Define and explain the following profit theory why profit varies among firms:
a. Frictional Profit Theory
A profit theory wherein an abnormal profit is observed following unanticipated
changes in demand or cost conditions. Unanticipated shocked produce positive or
negative economic profits for some firms. For example, at the time of sharp size in
petroleum prices in the 1990 as a result of US-Iraq war many petroleum-refining firms
enjoyed handsome economic profits. Similarly, as a result of slowdown in world trade in
the years 1999-2001 many Indian firms doing export business suffered losses due to the
decrease in the demand for their products in the USA and other countries.
b. Monopoly Profit Theory
A profit theory wherein an above normal profit caused by barriers to entry that
limit competition such as high capital requirements. Monopolies exists, especially in the
production and supply of water, electricity, energy, etc. Monopoly profits are subject to
heavy taxes or otherwise regulated.
c.
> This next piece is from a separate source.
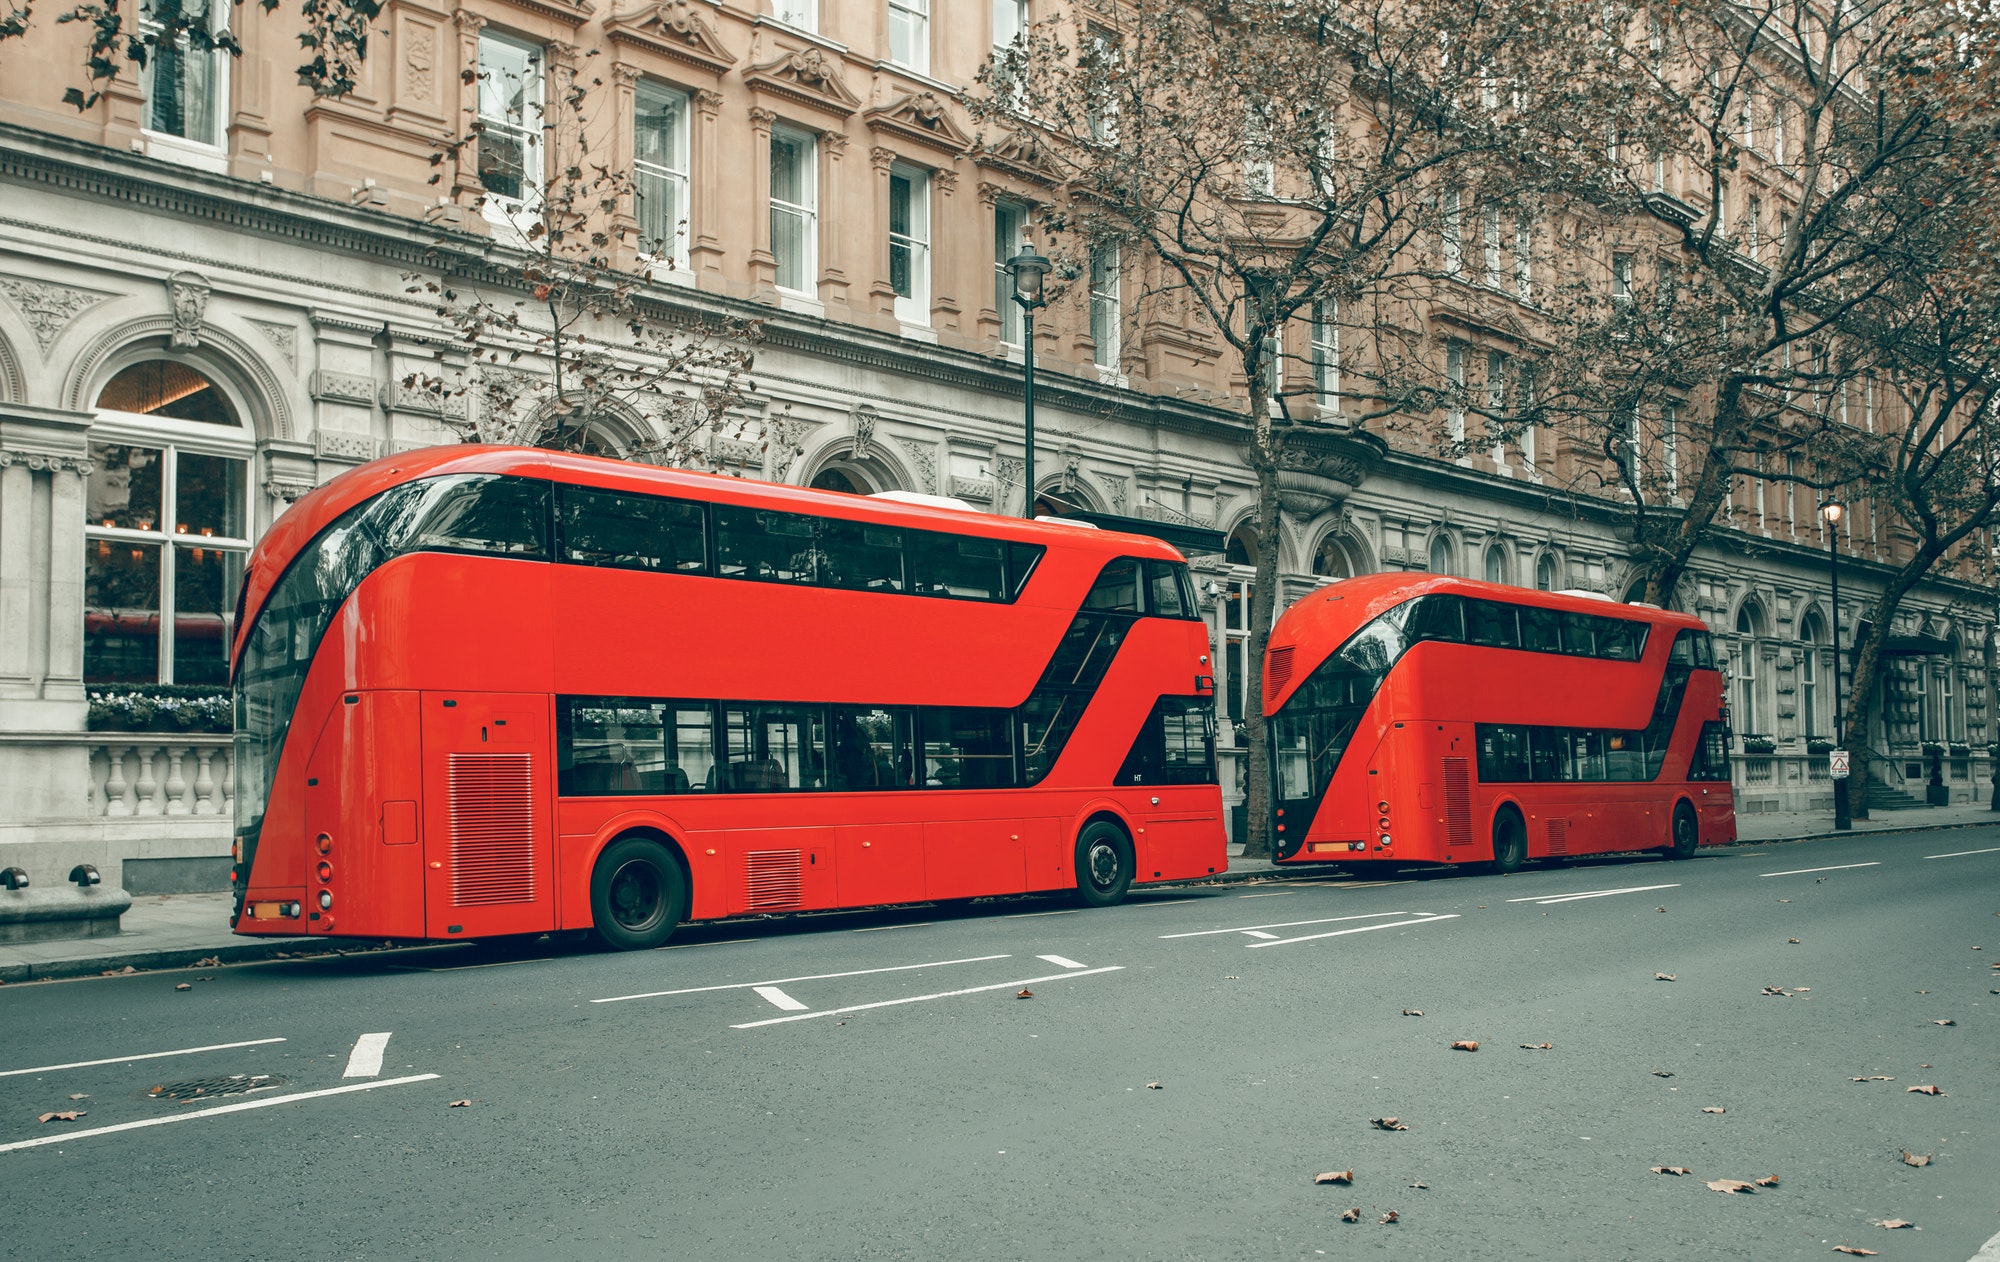 London's red buses in station. Bus of the public transport

Innovation Profit Theory
A profit theory wherein an above normal profit results from successful invention
or modernization. Bill Gates introduced Windows operating system and MS-office types
of computer software and has become billionaire by making huge profit on his
innovations. Another example also is Apple Corporation that earned above normal rates
of return as an early innovator with its iPod line of portable digital music and
video players. Another example also is Facebook.
d. Compensatory Profit Theory
A profit theory wherein an above normal rates of return results from efficiency.
This includes extraordinary success in meeting customer needs and maintaining
efficient operation. On the other hand inefficient firms earn below normal rate of return.
For example, the Ford supply chain management which integrate suppliers into their
system and making delivery more efficient, lower inventory levels, shorter cycle time,
better processes and improve service level on the customer end. Another example is
Toyota’s Total Quality Management (TQM) which is a quality system based on lean
management. It is a proven effective management philosophy which focuses on attaining
the best in every aspect of the business. The company established The Toyota Way, a set
of business principles, in 2001. It is based on kaizen — continuous improvement — and
strives to eliminate waste and overproduction, as well as to create a bureaucratic system
where any employee can suggest a change where they see fit.

What is the role of profits in the economy?


Profits serve as a sign in making managerial decisions:
a. Above normal profit signals that the firm or industry output should be
increased, expansion of current firms or entry by new competitors.
b. Just above normal profits signals the need for expansion and entry.
c. Below normal profit signal the end for contraction and exit.